Caveats: we never did speech therapy except in school. I can see private speech therapy being beneficial in some cases - but see above, that qualifies for “actually teaching stuff.” And the school social worker hours were beneficial as well. Not because of anything she could teach him but to have a trusted adult to decompress with if anything happened at school.

I truly do not believe any psychotherapy worked unless the person chooses it at can put in the work. That generally will only be for an older child. I guess I can see some forms of anxiety/phobia/ocd therapy working with a child old enough to understand the techniques and be motivated to do them?


"Talk therapy" can and often does work on specific skills!

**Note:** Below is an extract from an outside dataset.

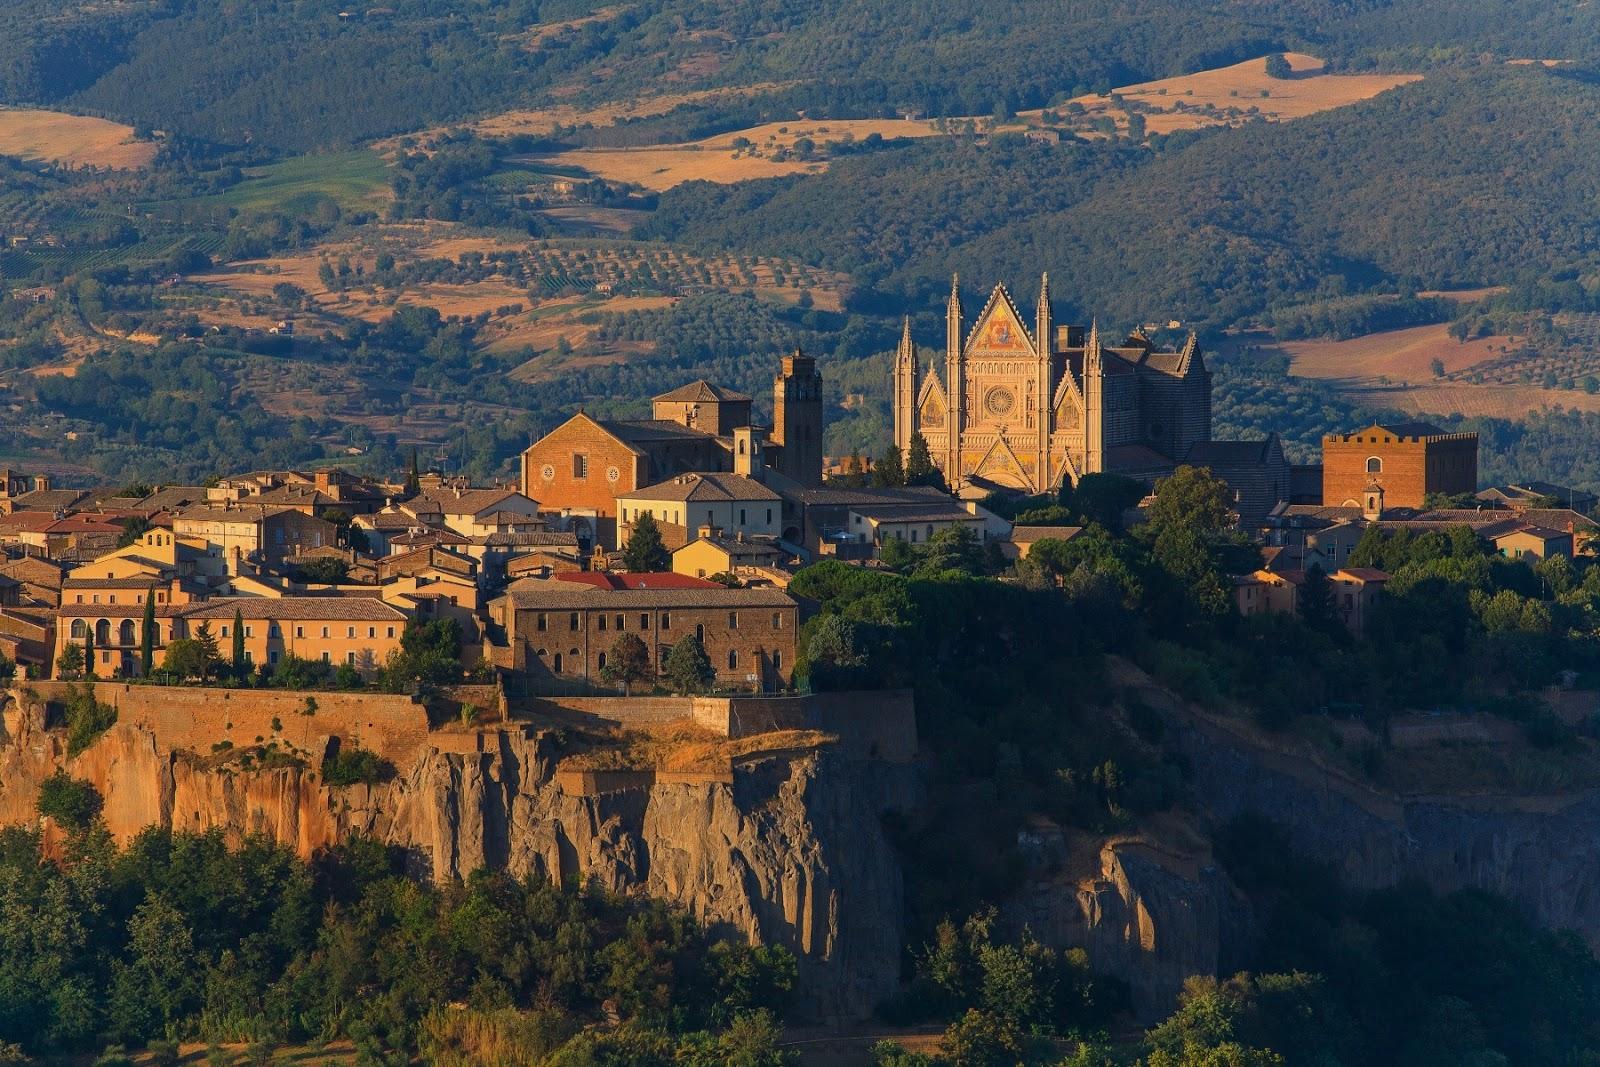 Umbria A voyage to the Umbria region Italy Europe Perugia

Not in my experience. CBT does but that’s not “talk therapy.” And 7 year olds are too young to have their own goals to work towards anyway - they very rarely have any insight into challenges.


"Talk therapy" is a broad category of psychotherapy, which includes CBT.


Not really.


By definition, it literally is. I'm not trying to argue - I want to make sure people have an understanding of terminology so they aren't missing out on possible treatment options. Talk therapy is a colloquial term for psychotherapy, which encompasses all forms of psychological therapy. CBT, DBT, supportive therapy, family systems therapy etc. are all examples of types of psychotherapy (i.e., "talk therapy.") Here's an explanation from NIH (https://www.nimh.nih.gov/health/topics/psychotherapies) if you'd like to fact-check.


“talk therapy” generally means some form of therapy where unstructured talking is the main therepeutic mode. nobody who knows anything about therapy would call CBT and DBT “talk therapy.”
Anonymous
Anonymous wrote:
Anonymous wrote:
Anonymous wrote:CBT did not help for our age 8-12 child.

did anything help?

Not yet. We're trying DBT now. We are considering therapeutic programs but we're wary of the therapeutic camp/school-industrial complex.


I am feeling exactly the same way. We are doing DBT-C with a practitioner who understands ASD, even though we do not have a conclusive diagnosis, some say PANS, DMDD, ADHD, GAD and the therapist suspects ASD. I would love a therapeutic camp I could trust. My child is 10, if you know of any that seem good, please let me know. I am researching like crazy.
Anonymous
It didn't work for us online when my kid was younger (during COVID closures), but in person with a good therapist when he was a little older (10ish), and it did help. The therapist was good, and he was in a place where he needed to learn to trust adults and build relationships, and it worked for that. She always was good at helping communicate things we as parents needed to know. It wasn't huge, and it came along with a lot of other changes that helped also, but it was great having this therapist on our team of support for him.

I have heard great things about DBT and would love to try it sometime because I think the practical nature of it would benefit our kid, but we haven't had good luck finding providers with availability.